■ DATA ■
Segment Open
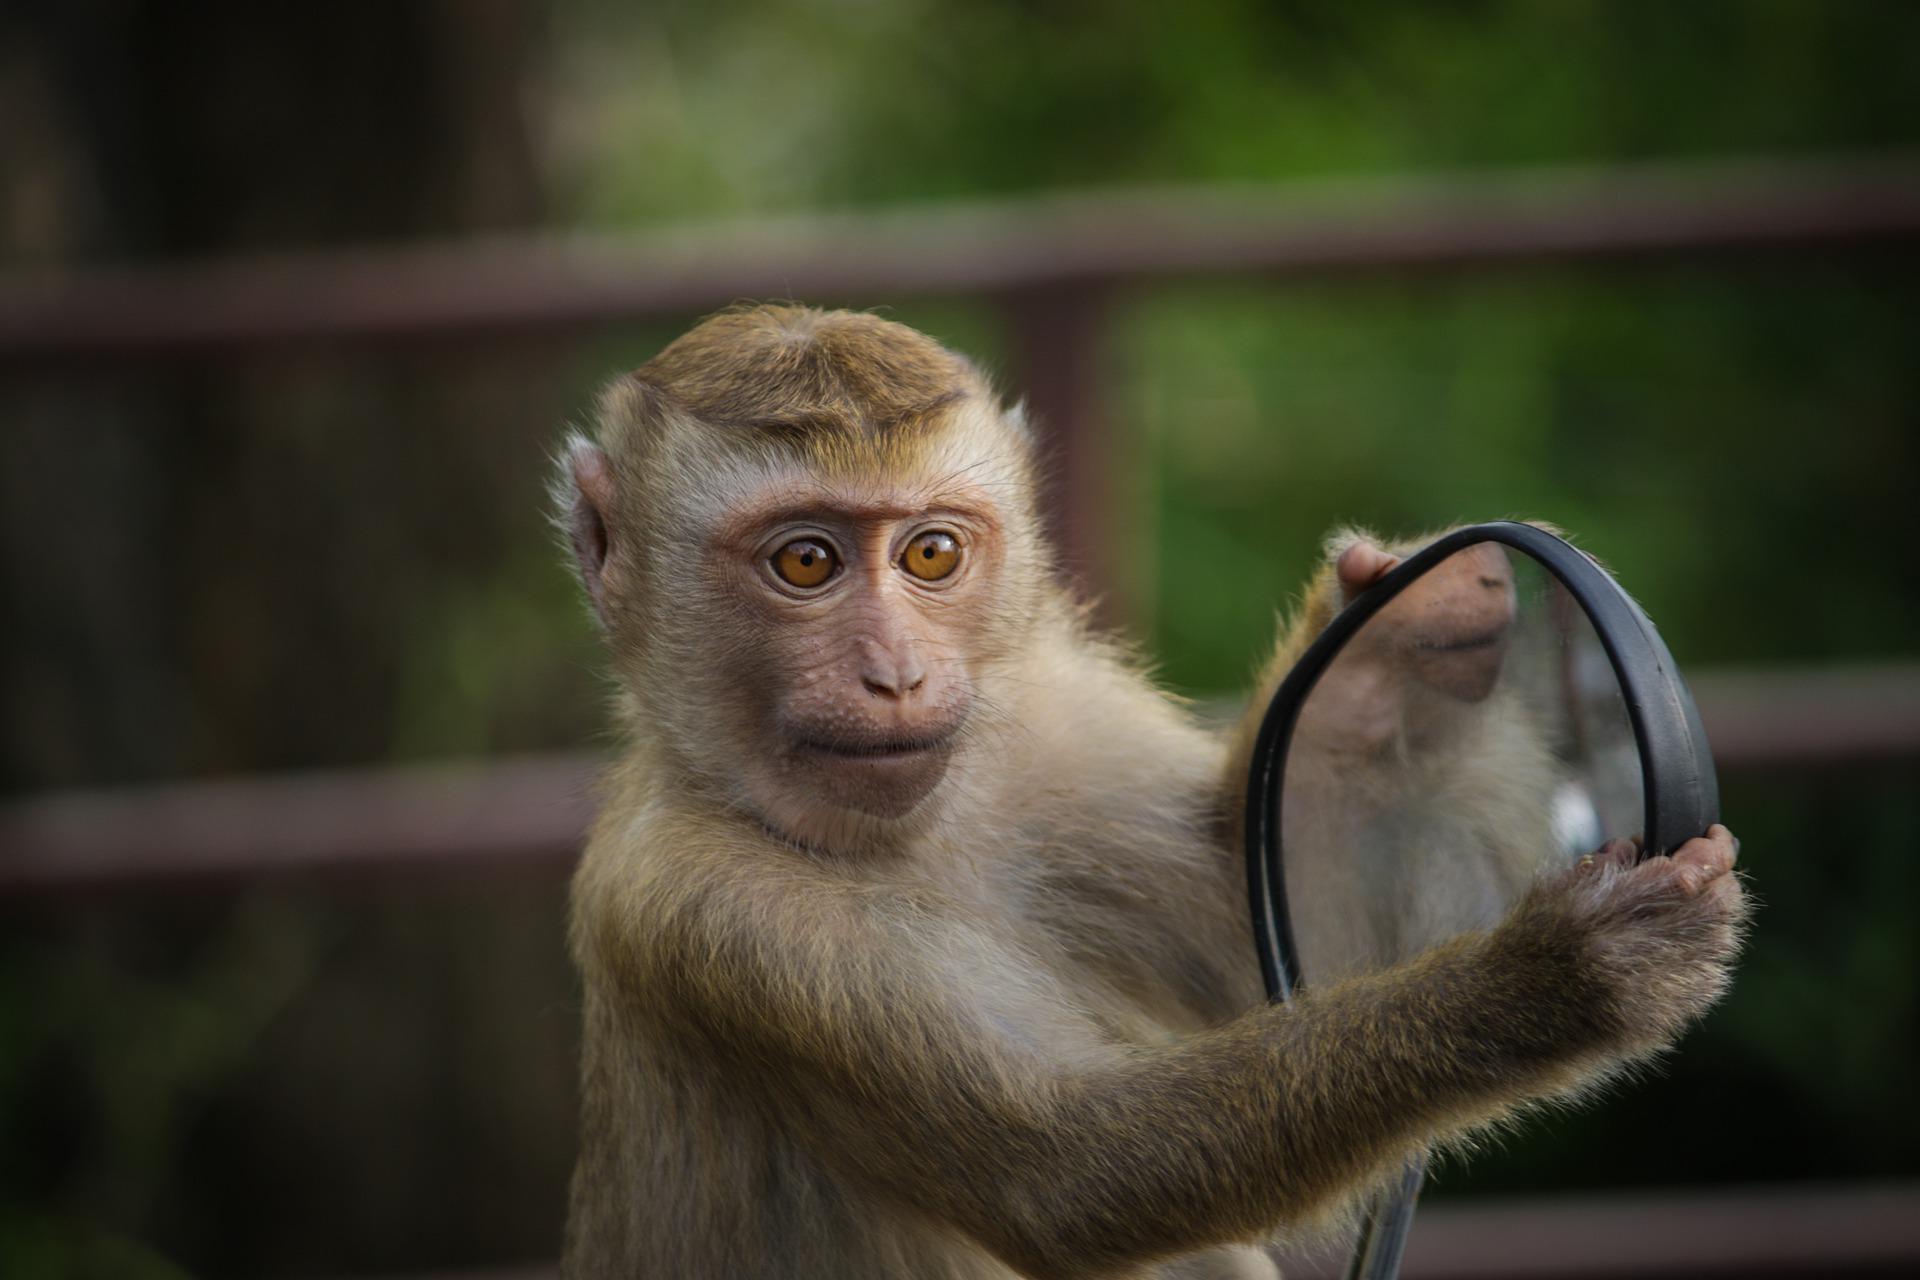 JK patvirtino beždžionių raupų plitimą šalies teritorijoje
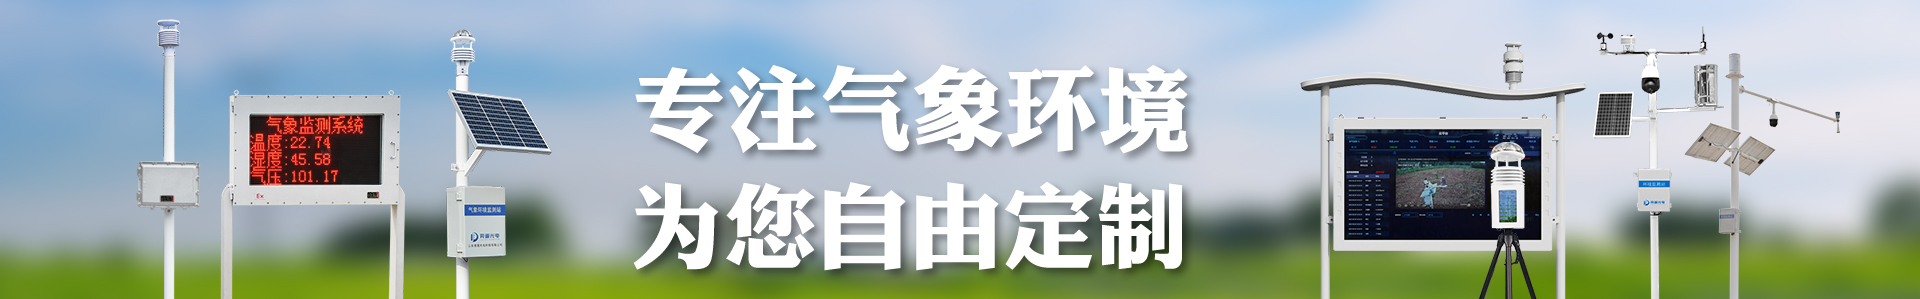 便携式气象站-便携式气象站屏幕款-自动气象站-小型气象站-防爆气象站-光伏气象站-南宫NG·28(中国)官方网站
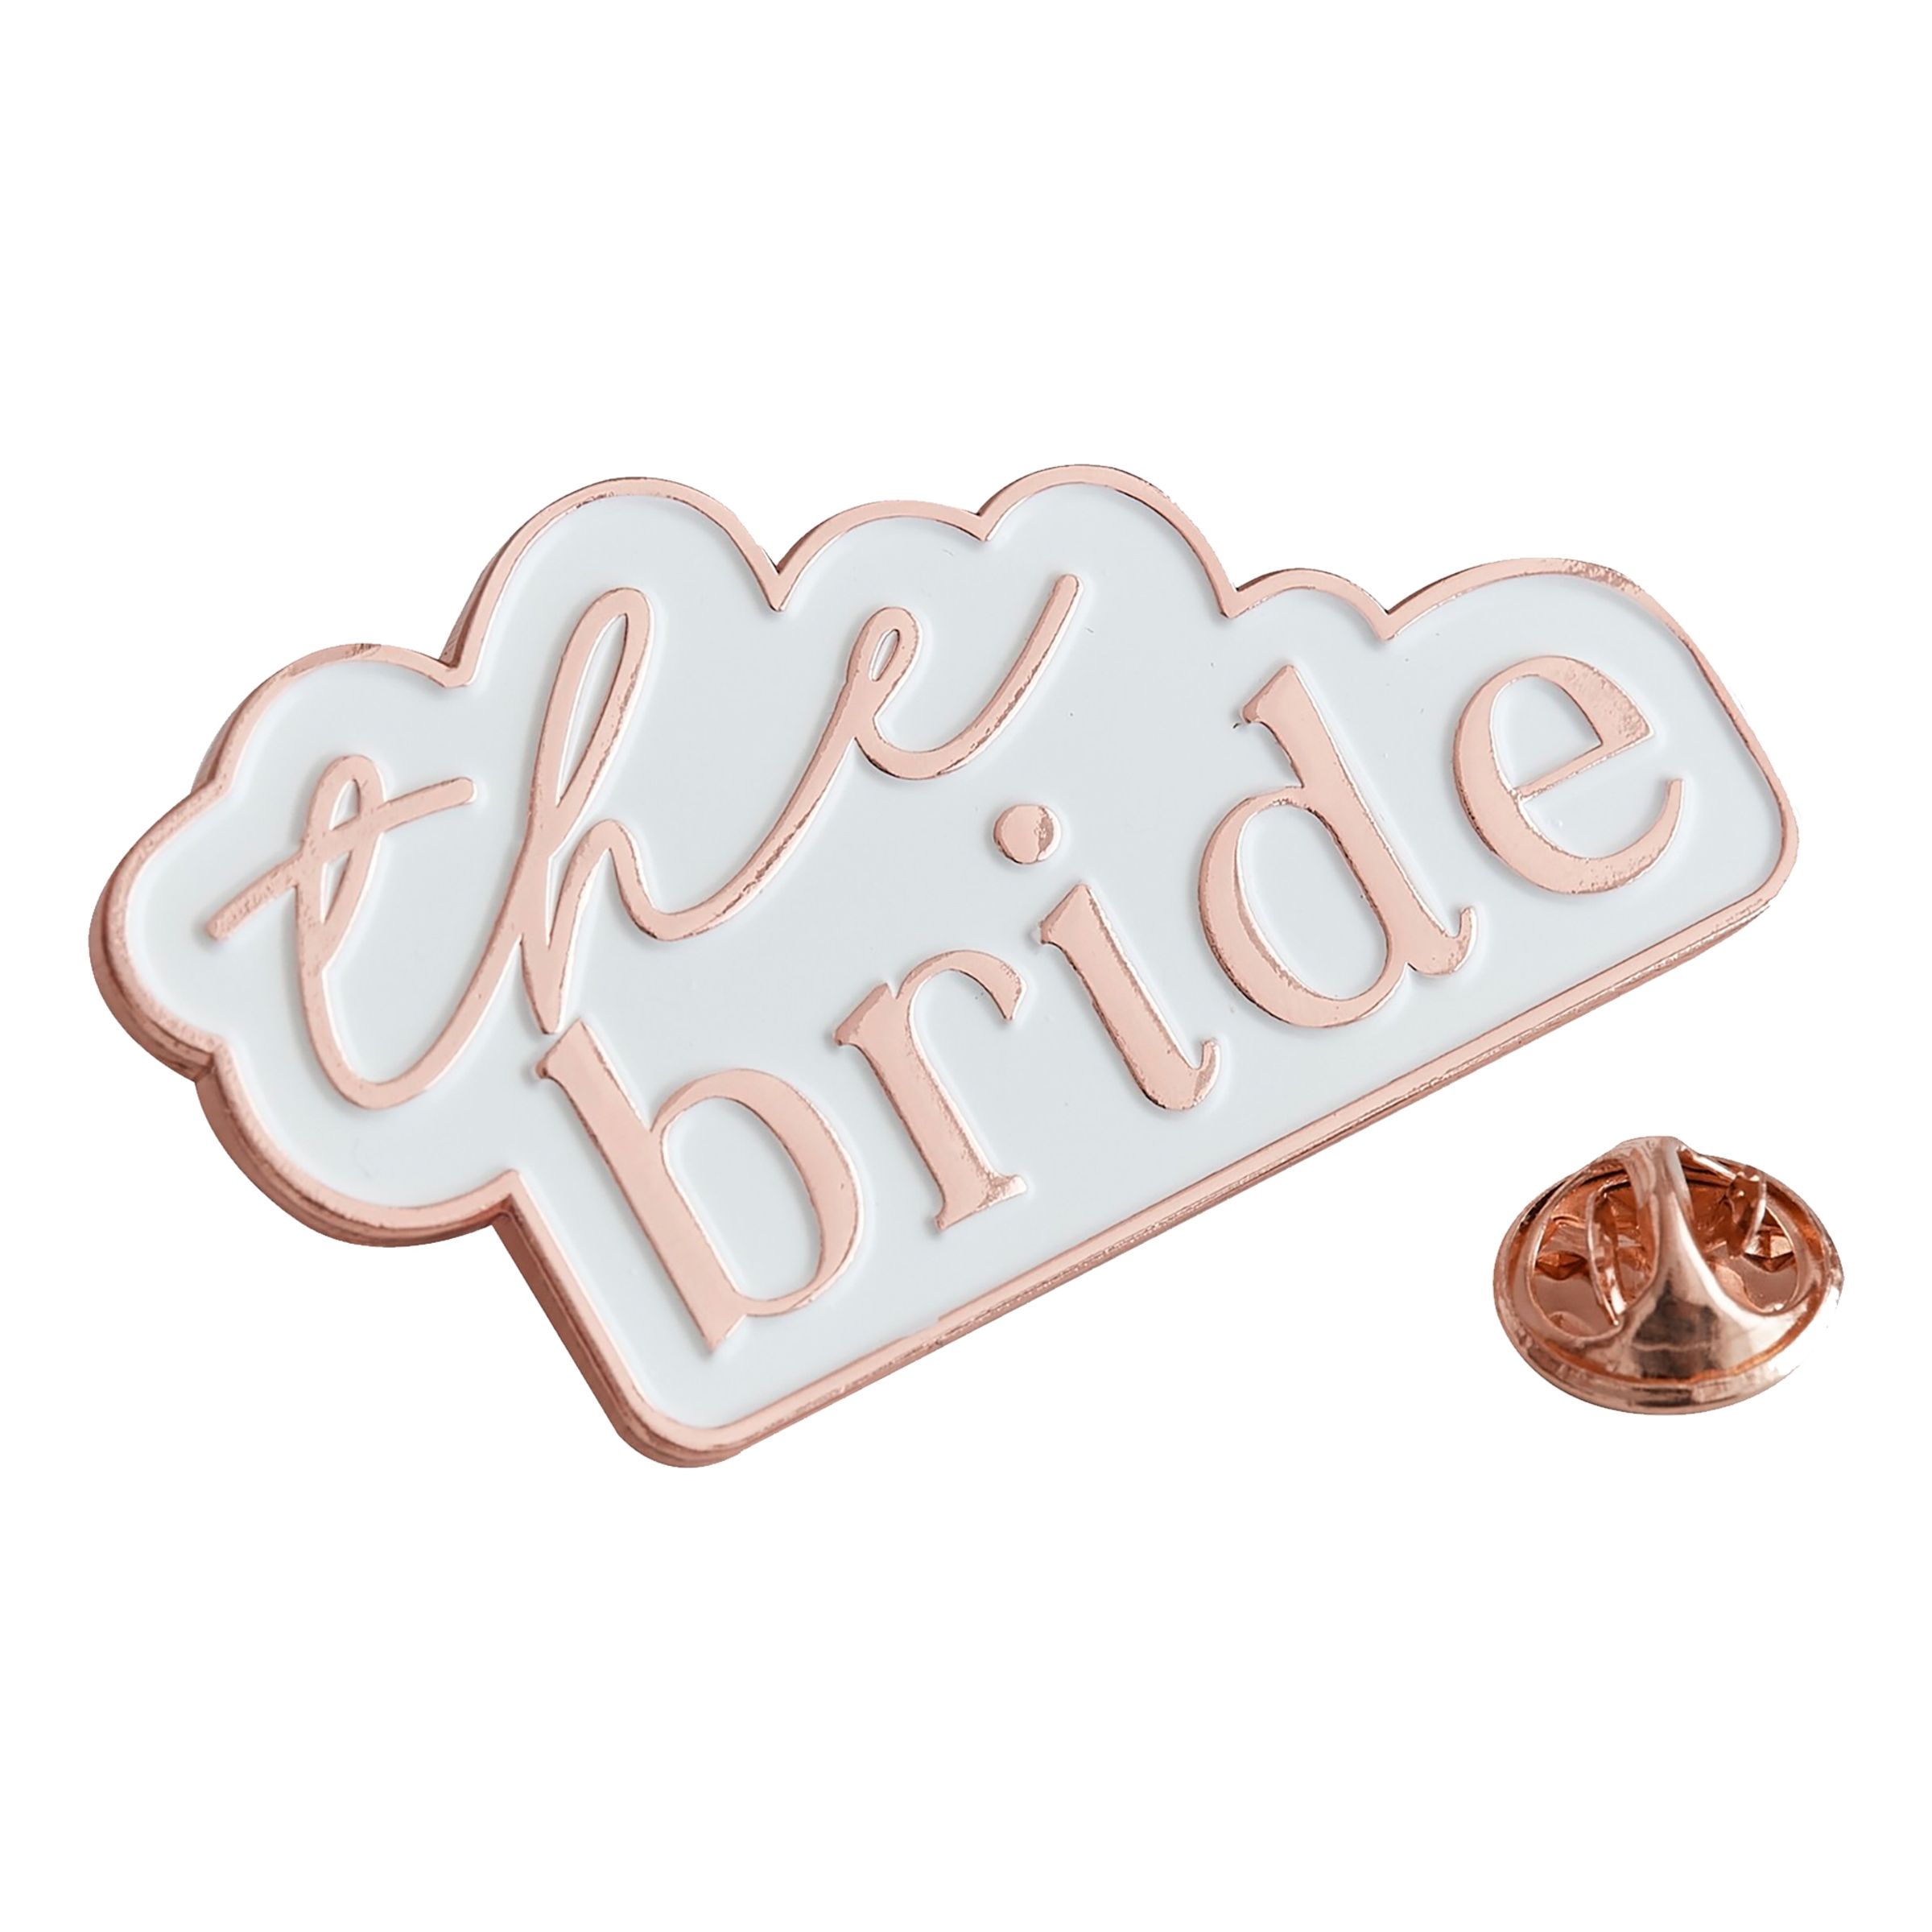 Pin The Bride
Segment Closed
■ WORK TO BE COMPLETED ■
The data above should be repeated in full and exactly, with no pictures carried over.

■ WRITTEN SOLUTION ■
 JK patvirtino beždžionių raupų plitimą šalies teritorijoje
 便携式气象站-便携式气象站屏幕款-自动气象站-小型气象站-防爆气象站-光伏气象站-南宫NG·28(中国)官方网站
 Pin The Bride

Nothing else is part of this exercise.